Serverless Sales Insights with Modal, Nile and a small Llama

When building a new application, there is a lot to be said for building it completely serverless: You can focus on the code instead of tinkering with deployments and configuration. Because you don't need to worry about deployment at this point, you can actually ship a better long-term architecture with multiple services and clear APIs between them. And best of all - until you actually get users for your application, you barely pay anything.

Nile provides Serverless Postgres database with tenant-awareness, so you can provision Postgres in a click and start building your B2B application. Now it is time to choose serverless compute. If you are using Python, and there's a good chance that you are, then Modal is going to be a great fit for you.

Modal is a serverless compute platform that lets developers deploy Python apps (anything from web services, data processing, Slack bots…) to the cloud by adding few annotations to perfectly normal Python code. To make things even sweeter - they have a nice collection of GPUs that can be used to run LLMs and make these applications smart.

In this blog, I'm going to explain how I built Serverless Sales Insights application with Nile, Modal and running my own Llama 3.1 model. This is what the application looks like:

I'll start by introducing the architecture I went with, explain some key design decisions, and then demonstrate how easy it is to use Modal and Nile together with some code snippets. You can find all the code for the app including deployment instructions here, and you can try it for yourself here.

Architecture

We went with fairly standard RAG architecture, but as you can see below, we split it into 3 distinct parts:

Ingest and embedding pipeline for processing recordings of sales calls and storing the chunks and embeddings in the database. This can happen continuously offline.
Web application where the user can browse calls and ask for things like key customer needs and next steps. The web application uses vector search to find relevant chunks of conversation and sends them to the LLM.
LLM service is the brains of the operation. It takes the question and relevant chunks, applies a built-in prompt and its training and generates a response.

Architecture

Using Modal, we can easily deploy each part as its own service. Modal doesn't just handle the deployment, it also handles the communication between services. As you'll see below, the call from the web app to the LLM looks like I'm calling a method in the LLM class. From my perspective, this is exactly what I'm doing. Somewhere behind the scenes, Modal turns this into a gRPC call and handles all the details around this. If you've ever had to do it yourself using Python's Pickle, you can appreciate the convenience of Modal.

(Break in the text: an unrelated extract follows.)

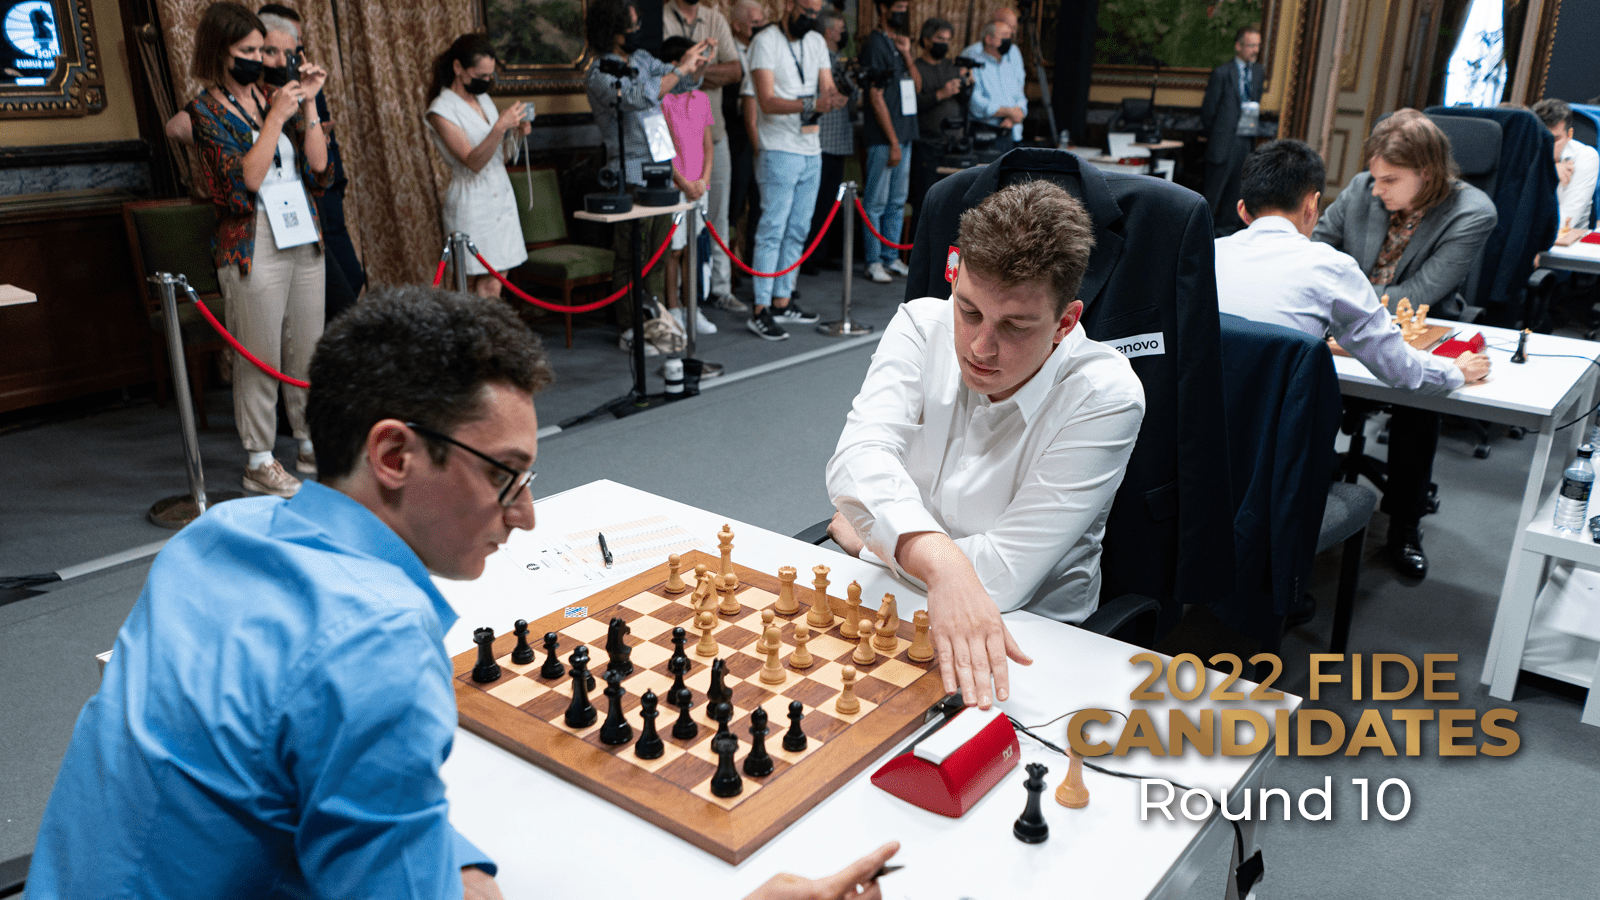 Caruana and Nepomniachtchi Win to Begin 2022 Candidates

Obviously, we are using Nile as our database. After signing up for Nile, you can create a database in a click, generate a connection string with credentials, and store it as a Modal secret (The README has step-by-step instructions on how to do this). Once you have the connection string in Modal secret, Modal can automatically inject it into your app as an environment variable.

Perhaps the most controversial choice I've made here was to deploy the LLM to Modal rather than use some LLM-as-a-service provider like OpenAI. Model vendors are really great - they make it super quick and easy to use the models they provide. But, as you can see below, HuggingFace has almost a million models. And more are added literally every minute.

HuggingFace Models

Only a tiny fraction is offered by the main vendors. If you are like me and enjoy exploring, not just new models, but also variations like fine-tuning and quantization of popular models - you really want to familiarize yourself with running a model. Even if you are perfectly happy working with a vendor, it can be a great learning experience to run a model yourself at least once.

Implementation Highlights

Enough with the fluff! Lets take a look at how we built all this. The entire example code is small and most of it is standard web application things. So I'll guide you through the interesting bits.

We wrote our backend with FastAPI, which is simple to deploy with Modal, but we had two additional requirements.

The first is that I wanted to serve the frontend from the same webapp that has the backend APIs. The app frontend is essentially single page app (SPA) in React. We packaged it into static files using Vite. FastAPI can serve static assets. So we just needed to upload the files to a mounted volume and point FastAPI to it.

In many serverless compute platforms this would be straight out impossible. You can't attach a disk to a function. You basically have to deploy your frontend and backend separately, or use a serverless platform that specializes in serving web UI and match your backend to the way they serve functions. Modal lets me just create a disk and upload files. The webapp itself can keep running as is.

The second requirement is that, like every good Pythonista, I had a whole list of modules that I wanted to use. And even for modules that are part of Modal's default lightweight image, I had specific versions that I wanted to use.

Here's what implementing both of these looks like with Modal:

web_ui_dir = "./ui/dist"
# place all static images in root of mount
mount = modal.Mount.from_local_dir(web_ui_dir, remote_path="/")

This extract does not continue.